In a draft response to the 14-19 education and skills white
paper, the council backed plans for greater support for key
stage 3 pupils performing below Level 5 in core subjects.
It was critical, however, of the failure to raise the status
of vocational qualifications, the "narrowness" of
the proposed new diploma and the lack of emphasis on teacher
assessment. There was also a lack of alignment with the Government's
Every Child Matters policy, which promoted greater cooperation
between education, health and social services, it said.
(TES, 22 April 2005)
More
on Every Child Matters
New vocational diplomas will be introduced in schools and
colleges from 2008 under plans to raise the "scandalously"
low proportion of English teenagers staying on in education
past the age of 16. The work-related qualification is the
central proposal in a White Paper, which ministers said would
transform secondary education, published in response to the
18-month Tomlinson inquiry. There will also be a new diploma
for 16-year-olds. To get it they will have to get five Cs
or better at GCSE, including at least a C in both English
and maths. This measure of success will also be used in league
tables next year.
GCSE English and maths will be redesigned to make it impossible
to get a C without having mastered "functional"
aspects of the subjects, said the paper. But there will be
no basic English or maths exams, as Tomlinson wanted. There
has been widespread dismay at ministers' decision to reject
Sir Mike Tomlinson's central recommendation: a diploma including
both vocational and academic courses. A-levels and GCSEs,
which he wanted scrapped, will continue alongside the new
vocational diploma.
Union leaders, educationalists and bodies including the Independent
Schools Council said the White Paper represented a missed
opportunity to put vocational and academic courses on an equal
footing. The Government's 2003 Green Paper, which set up the
Tomlinson review, said it should move to a "unified qualifications
structure suitable for all young people". But this has
been rejected. Instead, it focused on streamlining the current
3500 vocational courses for 14 to 19-year-olds to three-level
diplomas in 14 subjects by 2015.
(TES, 25 February 2005)
Chief inspector David Bell is on a collision course with
colleges over suggested reforms to the way 14 to 16-year-olds
are taught. Mr Bell has called for a new type of vocational
school to provide work-related teaching for teenagers. While
these schools should act in concern with schools and colleges
they eould have a specific brief to provide quality work-related
studies. However, colleges accuse Mr Bell of failing to fully
understand government initiatives already in place to get
more pupils onto college courses and workplace training from
14 as part of a wider share school programme.
(TES, 7 January 2005)
Read
the White Paper's key points
Tomlinson report
suggests radical changes
Report from the Financial Times:
Schools need to go back to basics
Secondary schools should put the core skills of reading, writing
and numeracy at the heart of the curriculum, according to
a far-reaching report. But the government rejected any rush
to overhaul the examinations systems as "foolhardy",
promising to publish its own plan for curriculum reform in
January 2005 (for more details see the link below).

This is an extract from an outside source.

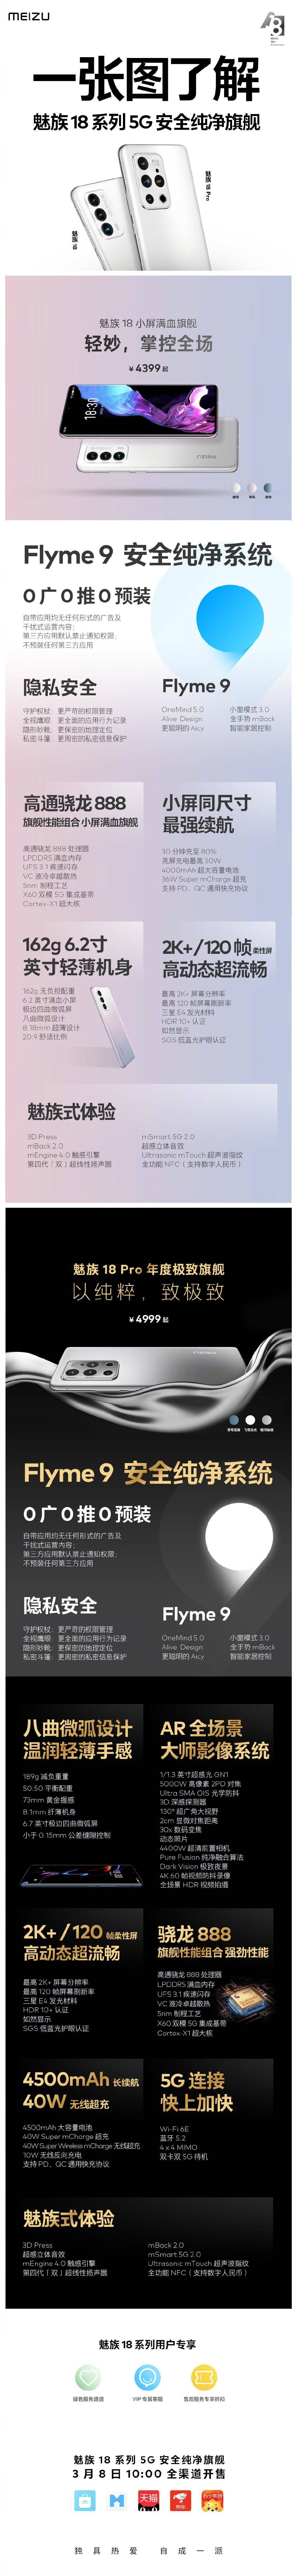 魅族工程师:魅族 18 系列硬件不支持同时开启 2K 和 120Hz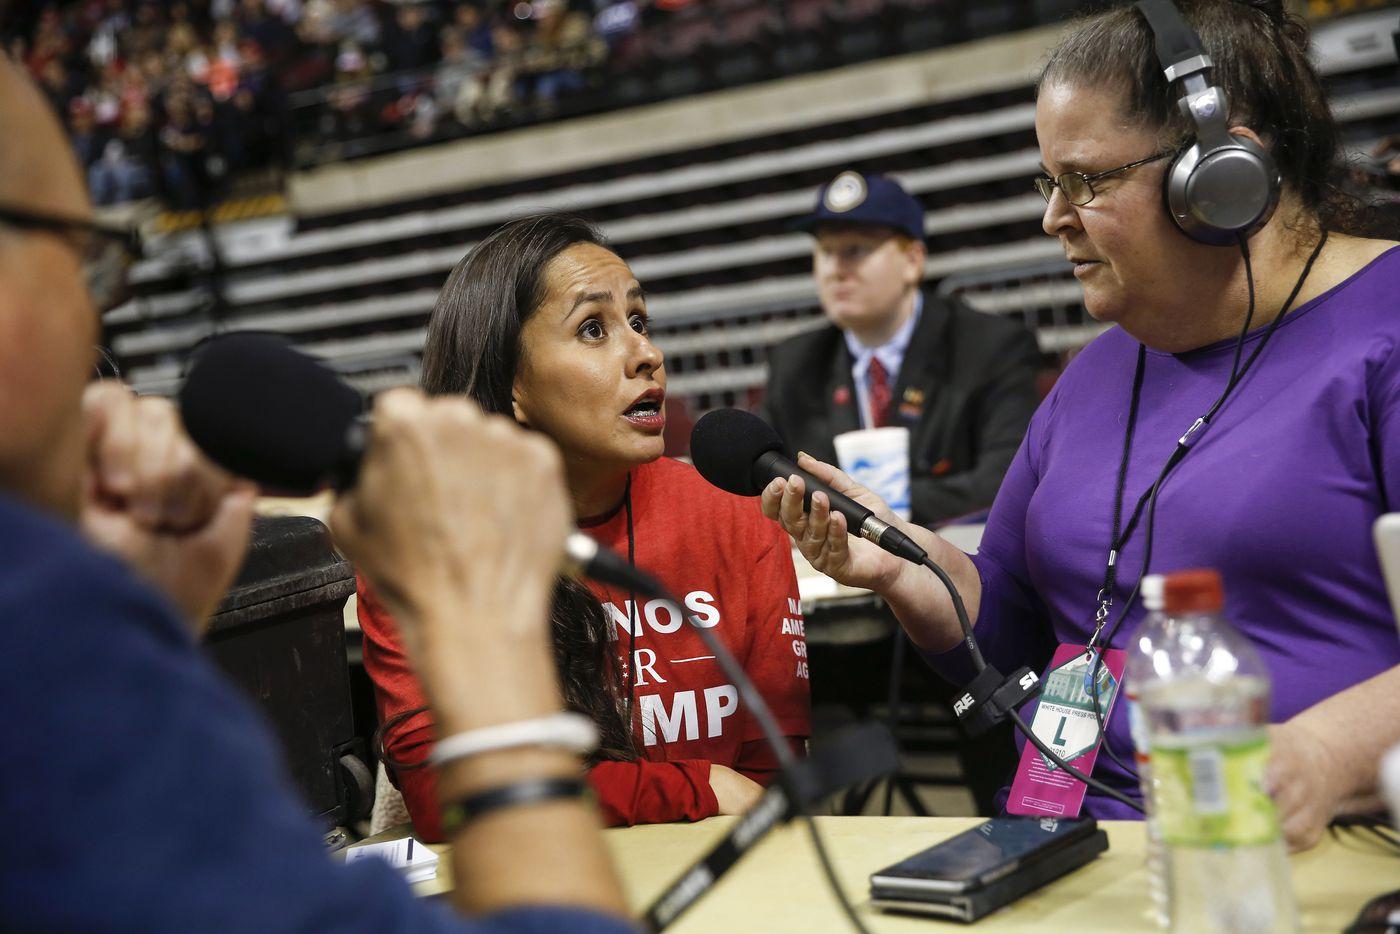 Martha Doss donne une interview à Robert J Wright et Erin McCarty de la radio KEEL 710 AM lors d'un rassemblement pour réélire le président Donald Trump à Bossier City, La.

Charles Clarke, education secretary, welcomed proposals for
the 14-19 age group from Mike Tomlinson, former chief inspector
for schools. He said that plans, which call for the biggest
overhaul of schools for more than 50 years were "a cogently
argued, challenging and compelling vision of the future."
But Mr Clarke fell well short of promising to adopt the radical
and potentially expensive package wholesale, leading to speculation
the Government would make some changes to the curriculum quickly,
leaving other reforms until well after the general election,
and abandon the most controversial. A-level courses, for example,
could soon involve fewer external exams, with the new AS level
abandoned as a compulsory staging post to the full qualification.
The greater emphasis on vocational learning will require
a dramatic increase in teachers with a relevant career background,
and better facilities, both of which will be expensive to
provide. Absorbing existing qualifications such as GCSEs and
A-levels into a new diploma structure could take as long as
a decade, and the Government has promised that the existing
examinations would not be abolished but provide the "building
blocks" of any new system.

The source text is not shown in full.